Tools can be anything. It can be a subagent with subagents, a database query, etc.
Need to do an agent handoff? Just output the result of the agent into a different agent. You don't need an sdk to do a workflow.
I've tried some other SDKs/frameworks (Eino and langchaingo), and personally found it quicker to do it manually (as described above) than fight against the framework.
I think the term sub-agent is almost entirely useless. An agent is an LLM loop that has reasoning and access to tools.
A "sub agent" is just a tool. It's implantation should be abstracted away from the main agent loop. Whether the tool call is deterministic, has human input, etc, is meaningless outside of the main tool contract (i.e Params in Params out, SLA, etc)
I agree, technically, "sub agent" is also another tool. But I think it's important to differentiate tools with deterministic input/output from those with reasoning ability.
A simple 'Tool' will take the input and try to execute, but the 'subagent' might reason that the action is unnecessary and that the required output already exists in the shared context. Or it can ask a clarifying question from the main agent before using its tools.
> It's implantation should be abstracted away from the main agent loop. Whether the tool call is deterministic, has human input, etc, is meaningless outside of the main tool contract (i.e Params in Params out, SLA, etc)
Up to a point. You're obviously right in principle, but if that task itself has the ability to call into "adjacent" tools then the behavior changes quite a bit. You can see this a bit with how the Oracle in Amp surfaces itself to the user. The oracle as sub-agent has access to the same tools as the main agent, and the state changes (rare!) that it performs are visible to itself as well as the main agent. The tools that it invokes are displayed similarly to the main agent loop, but they are visualized as calls within the tool.

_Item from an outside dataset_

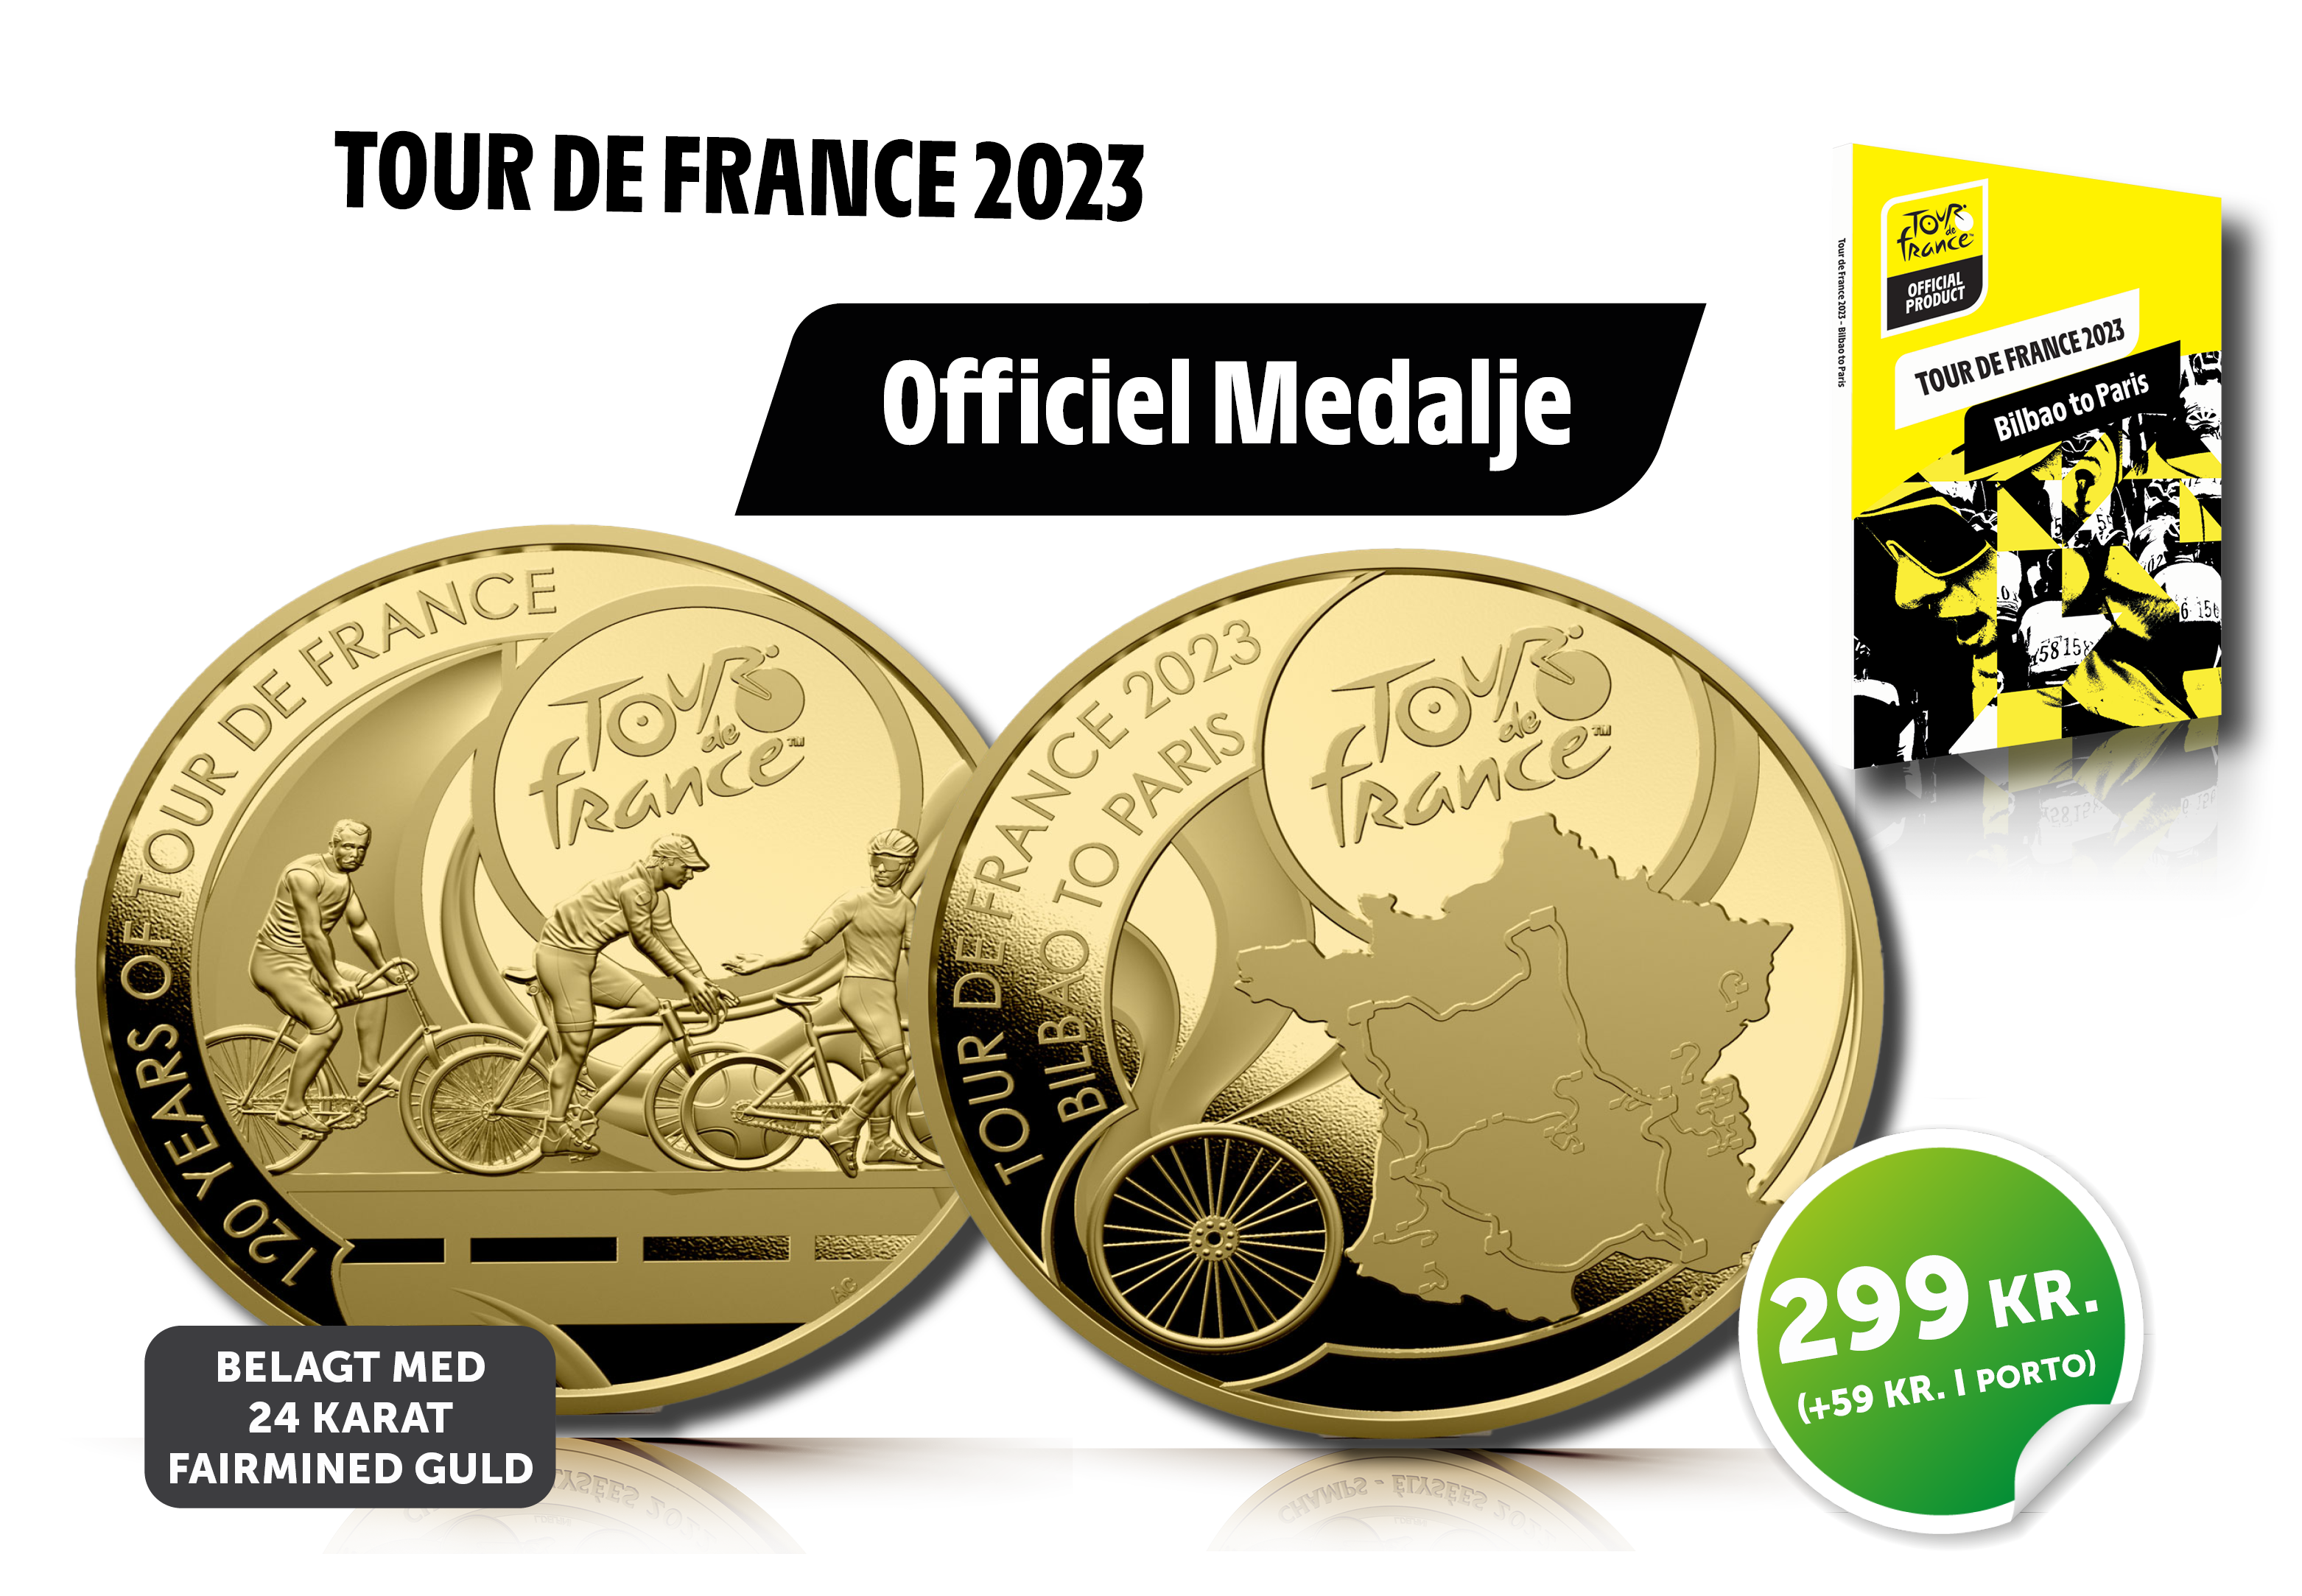 Officiel Tour de France medalje - belagt med 24 karat fairmined guld

ADK differentiates between tools and subagents based on the ability to escalate or transfer control (subagents), where as tools are more basic
I think this is a meaningful distinction, because it impacts control flow, regardless what they are called. The lexicon are quite varied vendor-to-vendor
Nah, when working on anything sufficiently complicated you will have many parallel subagents that need their own context window, ability to mutate shared state, sandboxing differences, durability considerations, etc.

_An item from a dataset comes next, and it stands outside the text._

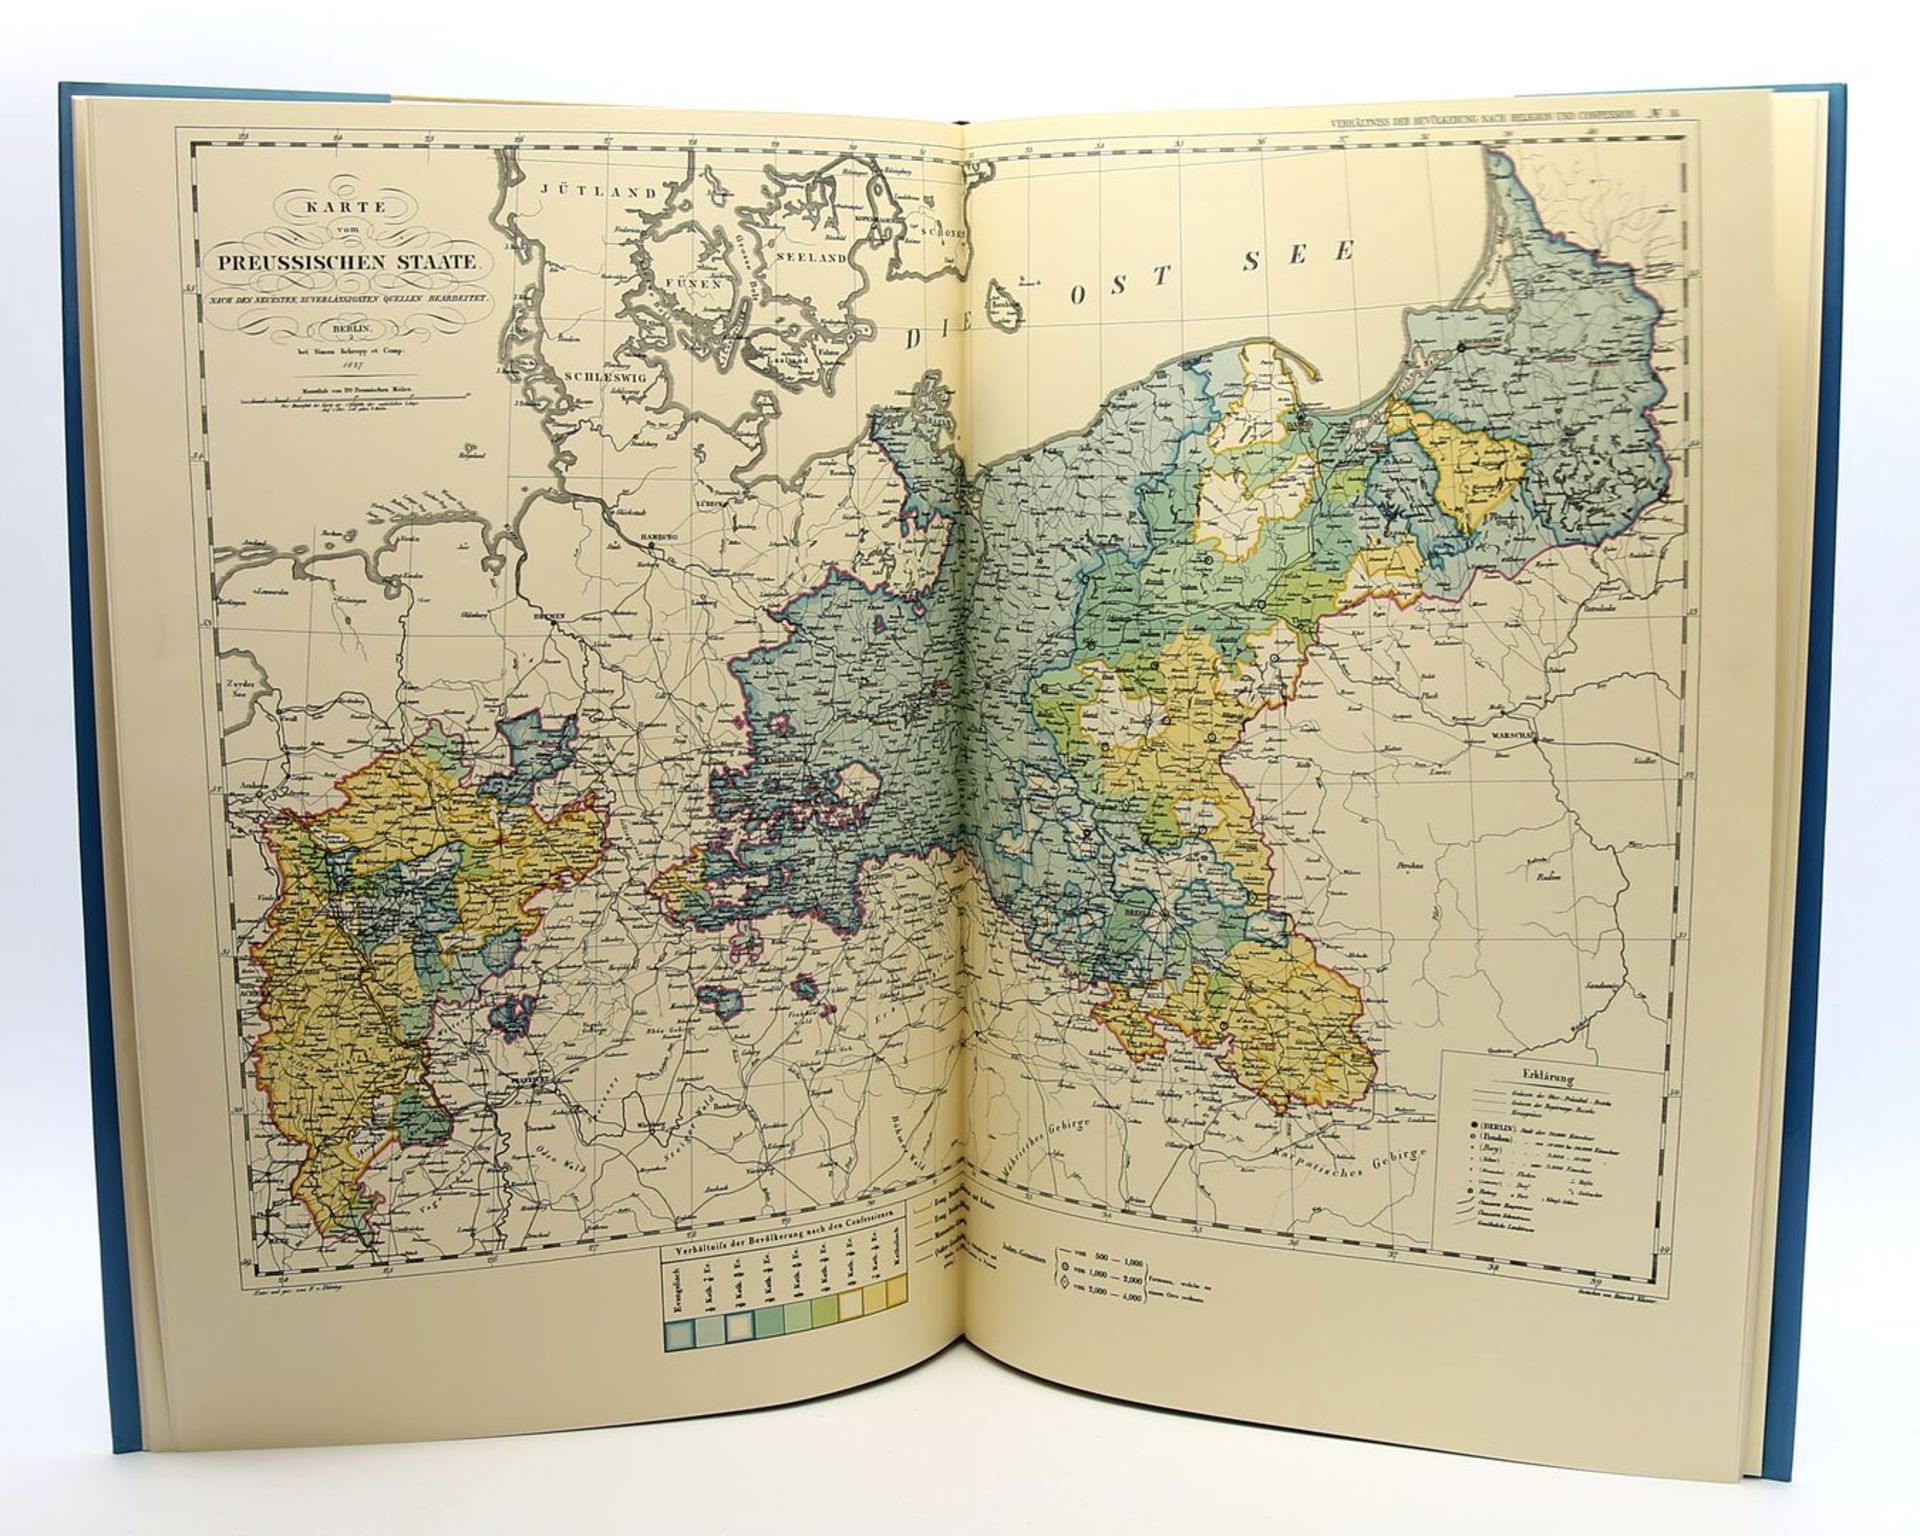 Administrativer statistischer Atlas des Preußischen Staates von 1828.

If you want to rewrite the behavior per instance you totally can, but there is a definite concept here that is different than “get_weather”.
I think that existing tools don’t work very well here or leave much of this as an exercise for the user. We have tasks that can take a few days to finish (just a huge volume of data and many non deterministic paths). Most people are doing way too much or way too little. Having subagents with traits that can be vended at runtime feels really nice.
Hello, about Claude Code where only Anthoripic models are supported, in reality you can use Claude Code router (https://github.com/musistudio/claude-code-router) to use other models in Claude Code. I use it since some weeks with opensource models and it works pretty well. You can even use "free" models from openrouter
Google's ADK is pretty nice, I'm using the Go version, which is less mature than the python on. Been at it a bit over a week and progress is great. This weekend I'm aiming for tracking file changes in the session history to allow rewinding / forking
It has a ton of day 2 features, really nice abstractions, and positioned itself well in terms of the building blocks and constructing workflows.
ADK supports working with all the vendors and local LLMs
Have you tried AWS’s Strands Agents SDK? I’ve found it to be a very fluent and ergonomic API. And it doesn’t require you to use Bedrock; most major vendor native APIs are supported.
(Disclaimer: I work for AWS, but not for any team involved. Opinions are my own.)
Dude, it looks great, but I just spent half an hour learning about its 'CodeAgents' feature. Which essentially is 'actions written as code'.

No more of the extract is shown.